Робин. Что не на пользу ни им, ни обществу. Нет, не легче и тем, кто на «нормальной» стороне. Возьмите тот же гомосексуализм. Если он «под запретом, люди будут вечно тревожиться и подозревать за какой-то своей нормальной склонностью «гомосексуальную» основу.
Джон. А ведь по складу личности большинство, как Вы говорили, обладает гомосексуальными склонностями в том смысле, что способны испытывать наслаждение от общения с людьми своего пола.
Робин. Но если они смущаются своих чувств, они попытаются их подавить, сунуть за «ширму».
Джон. Они в ужасе отдернут руку, вздумав, выражая расположение, прикоснуться к человеку,─ ведь примут за приглашение к предосудительным отношениям!
Робин. Дело серьезнее. И гомосексуальные, и гетеросексуальные побуждения питает та же энергия. Обуздывая чувства одного свойства, человек одновременно не дает ходу всей «упряжке», он не сможет себя «отпустить», не сможет получить сексуальное удовлетворение в общении с противоположным полом в отличие от человека, который в ладу со всеми естественными чувствами.
Джон. Это прямо обо мне сказано. У меня была девушка, с сексом все было замечательно. Но потом мы обнаружили, что нас тревожит одно и то же чувство. У нее на работе какая-то девица принялась кокетничать с ней, что очень смущало мою знакомую. А я ей сообщил, что в спортзал, где тренировался, ходило несколько симпатичных и жутко крепких парней, которые вечно демонстрировали мускулы и шутя упражнялись с тяжестями,─ эти бравые атлеты меня раздражали. Мы с моей девушкой договорились «снять тормоза». Она стала отвечать кокетством той, другой, и поняла, что больше не смущается, ей даже приятно. Я пошел в спортзал и, скрежеща зубами, попробовал не отводить восхищенного взгляда от тех мужественных парней. Сначала я чувствовал себя ужасно, в основном боялся, что примут за гомика, но потом ─ алле-гоп! ─ просто залюбовался людьми, на самом деле красивыми! Я смог наслаждаться зрелищем, забыв положенную британцам холодность, и меня уже не раздражал некоторый нарциссизм парней... А с девушкой мы заметили, что любовь у нас теперь «делается» горячее. «Осадив» на какое-то время тревогой сексуальную энергию, мы сумели ее освободить.

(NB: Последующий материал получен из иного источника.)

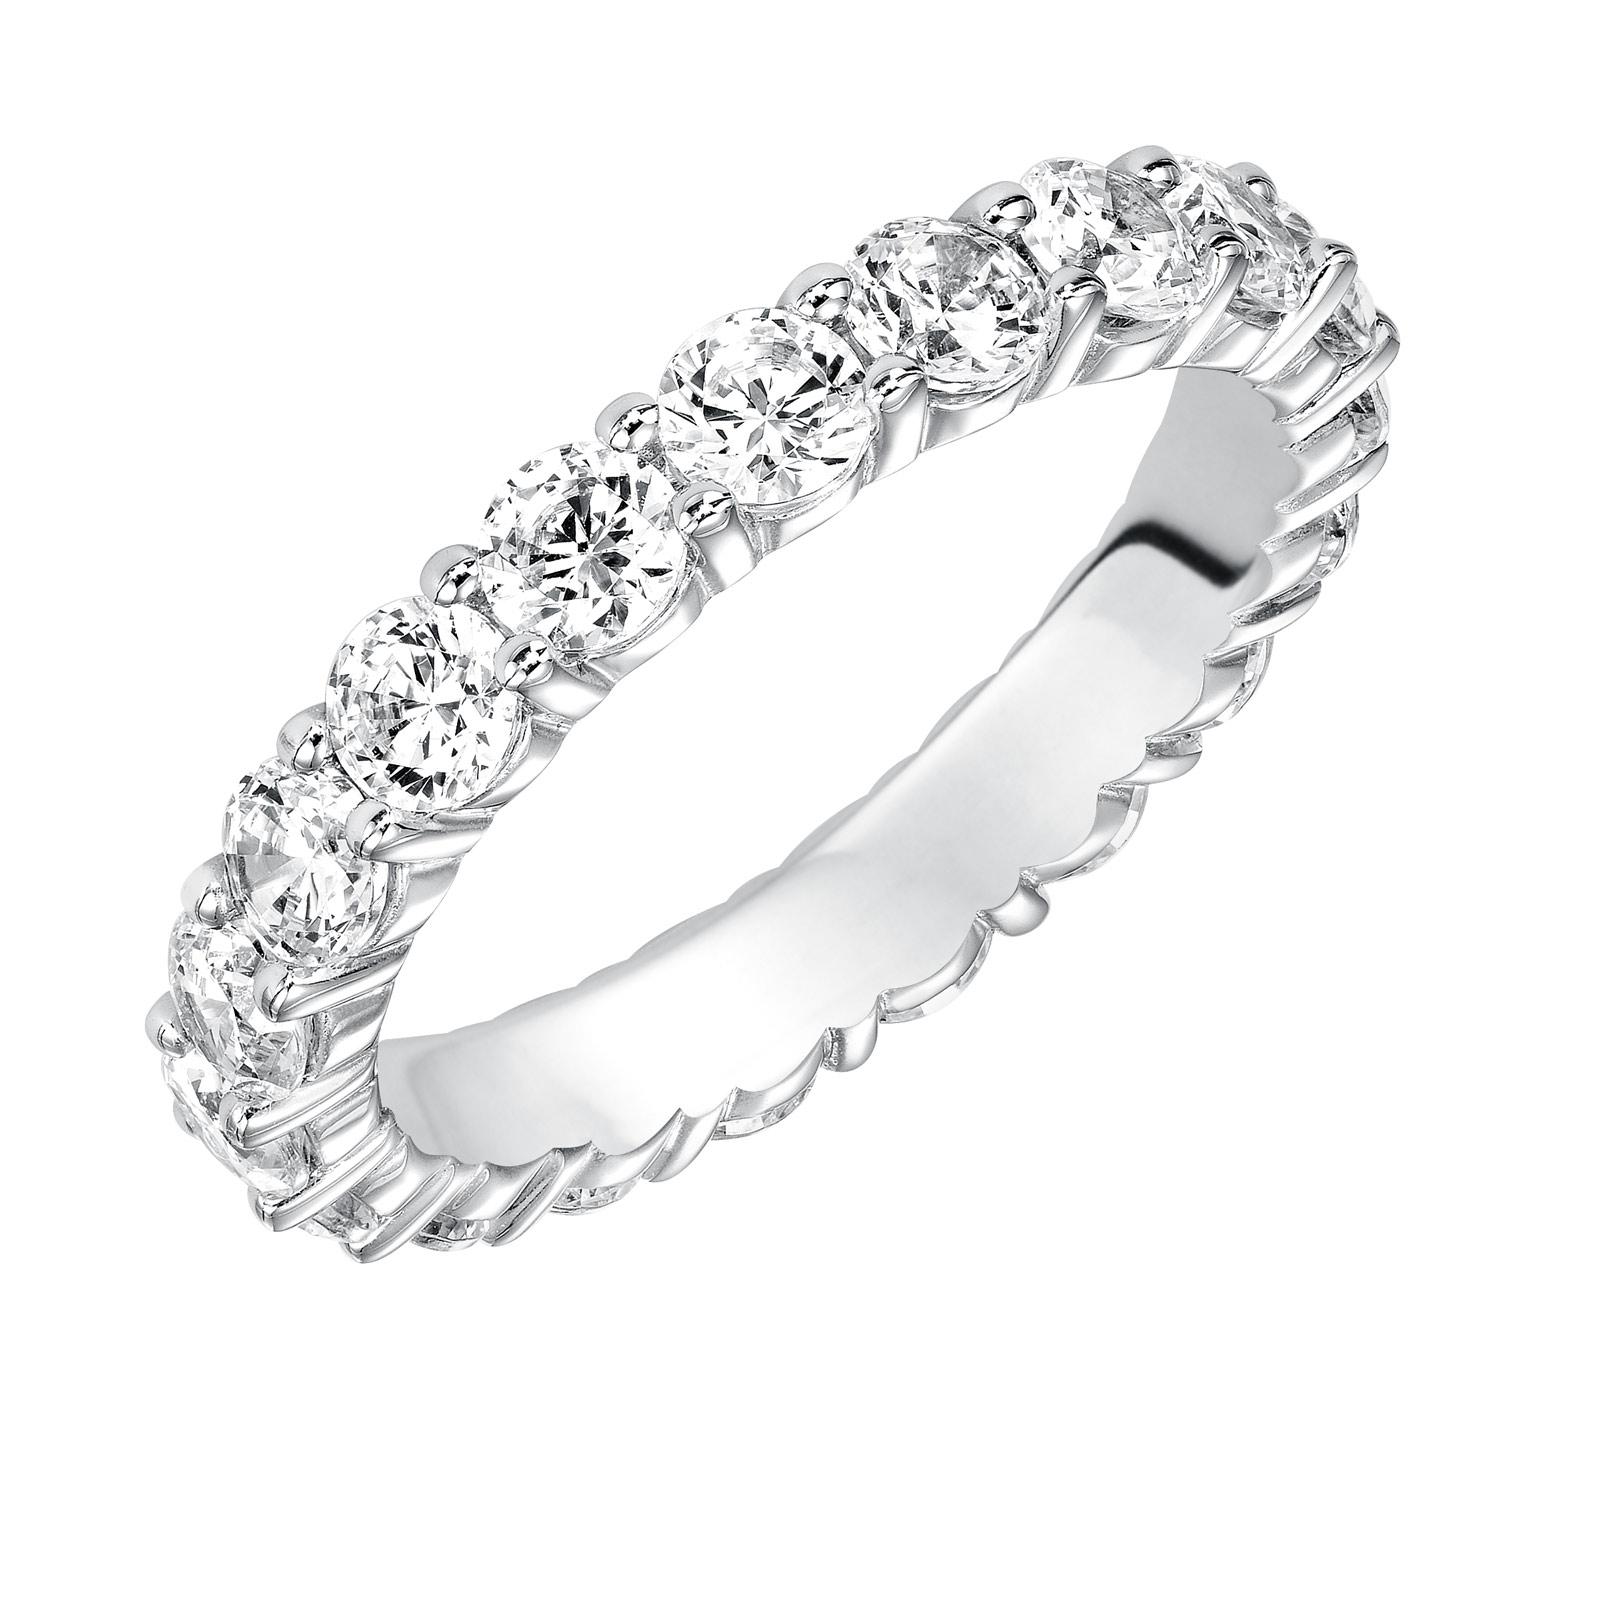 Goldman ring 33 15k4w65 l00 long island ny goldman for Long island wedding bands
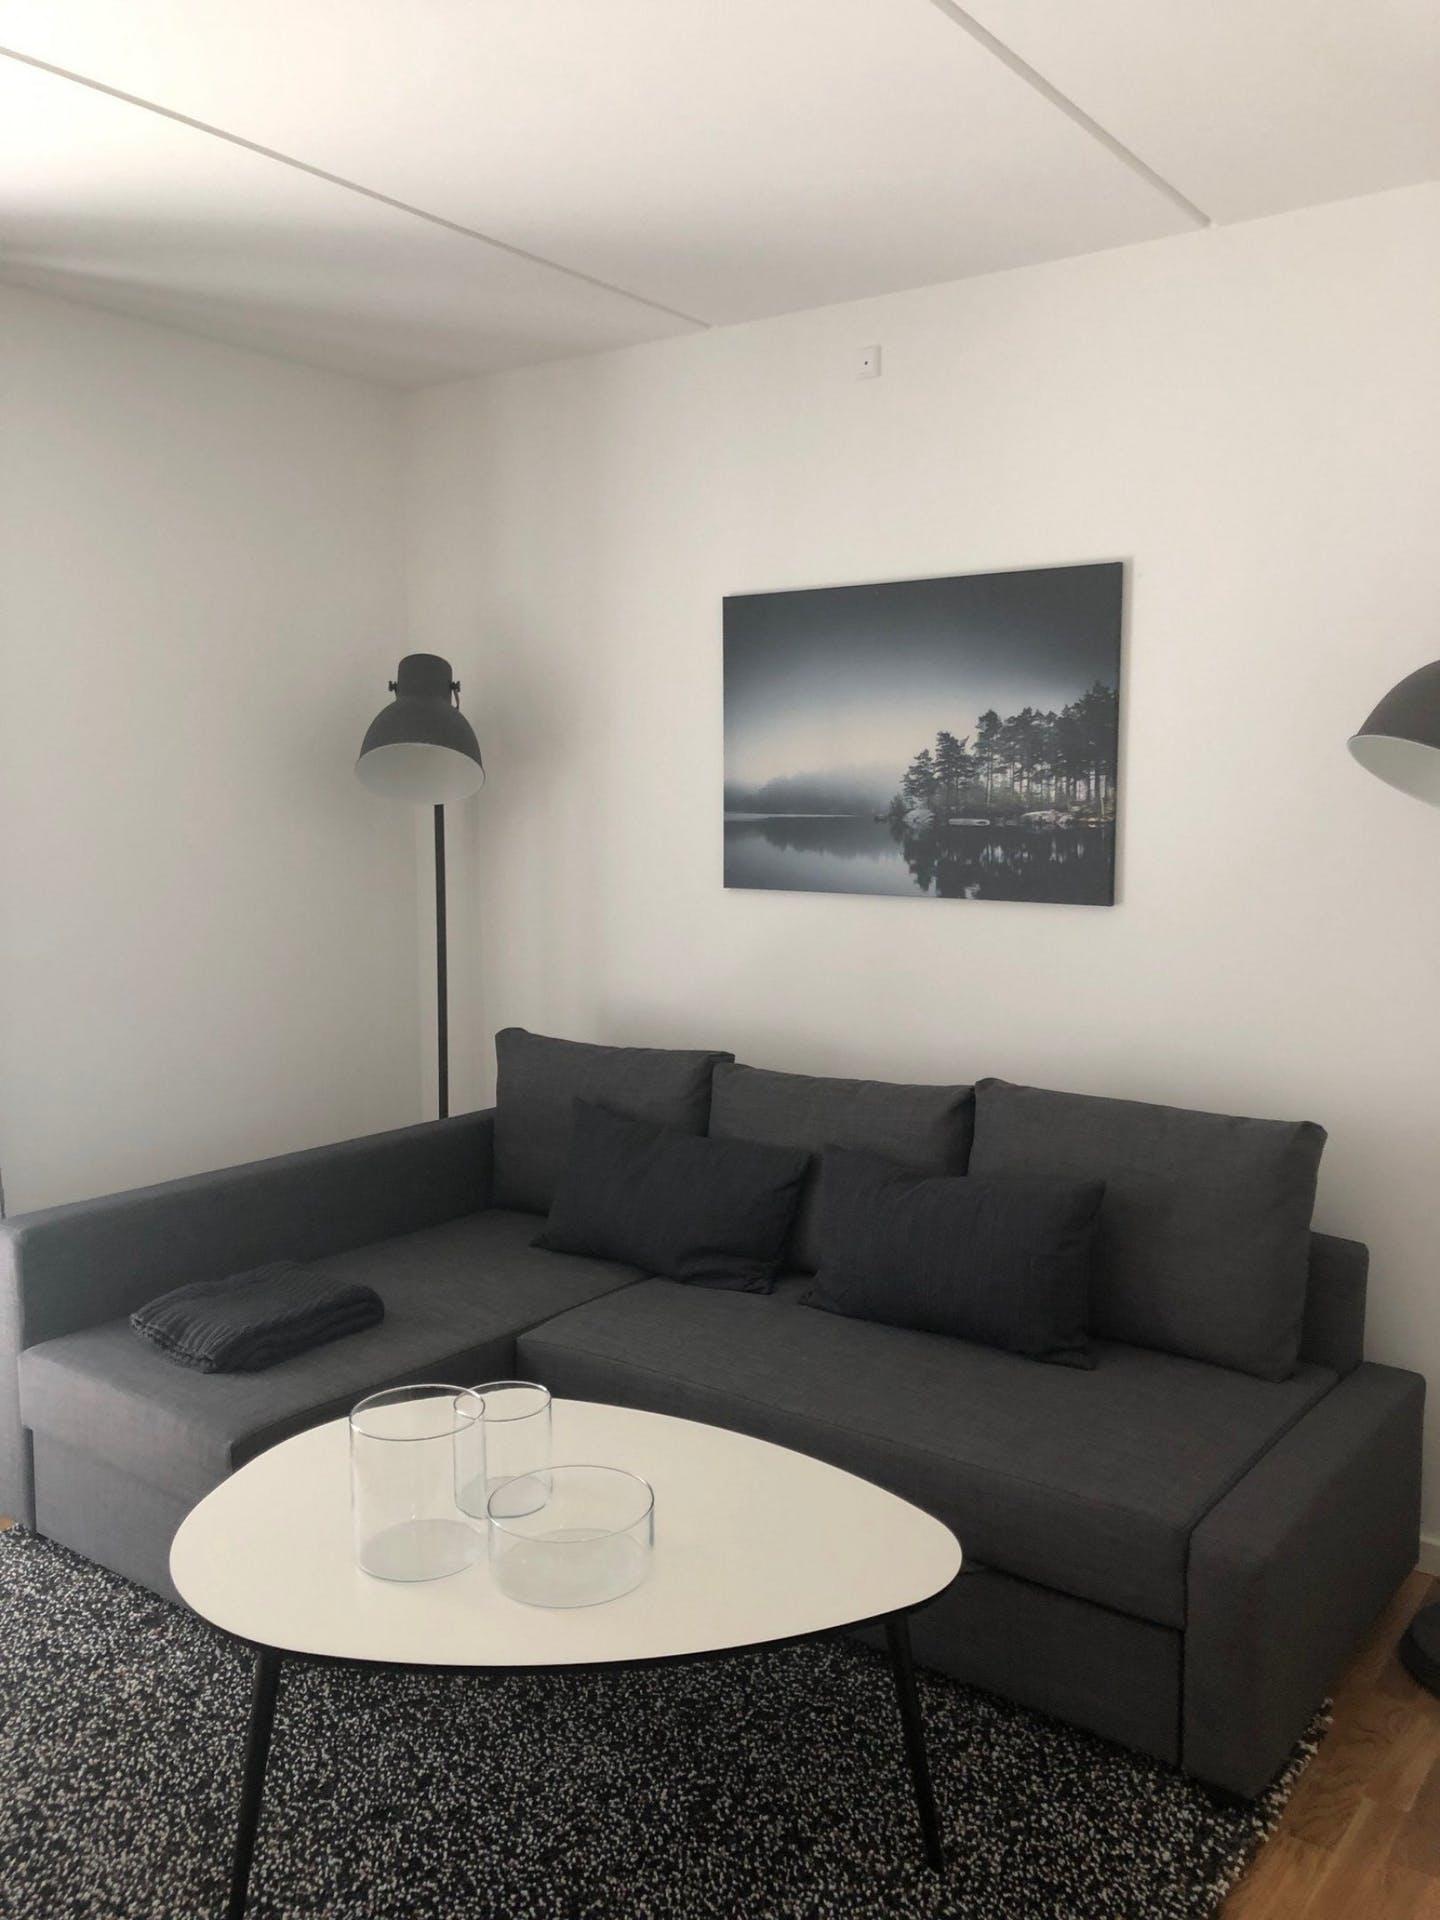 Lounge at Møllehatten 11 Apartment, Risskov, Aarhus

Робин. Вот смысл настоящего, любовью напитанного секса. Надо, как волне, отдаться ему, отдать себя в руки друг друга. Вы абсолютно... вы неудержимо свободны, ни себя не останавливаете, ни партнера, но захвачены цепной реакцией наслаждения и любви. Но вы не способны на это, если ограждаете себя от чего-то со стороны партнера. Не способны и тогда, когда опасаетесь со своей стороны «неположенного» чувства, действия. И речь, конечно, не только о гомосексуальном «штрихе», речь обо всех «цветах» эмоционального спектра. В идеале нам, взрослым, положено «не перечеркивать» ─ хранить опыт всех предшествовавших ступеней развития. И секс ─ чудо уже потому, что, «творя любовь», мы каждый раз можем заново творить себя... «пуская в действие» опыт любой из ступеней. Поэтому неважно, с чего у двоих «все» начинается. Они могут приходить в восторг от игры во власть и покорность, могут ласкать «малыша», в какого превращается то один, то другой, оба могут превращаться и в озорника ─ «ходунка», «пораблезианствовать» досыта, могут, «сбросив» свои повседневные роли, поменяться ими и взять реванш. Если их отношения построены на любви, такая игра ─ великая вещь. Ведь это значит, что все и всевозможные потребности личности открываются и удовлетворяются, что взрослые обретают упущенное на «детских» ступенях развития и, восполняя опыт, высвобождают энергию для максимального наслаждения друг другом и жизнью.
Джон. Мысль об «игре» тут кажется крайне важной. Ведь в игре ─ если у нас двоих игра ─ нам легче дается свобода, нам легче «отпустить» себя и дерзнуть ─ верно?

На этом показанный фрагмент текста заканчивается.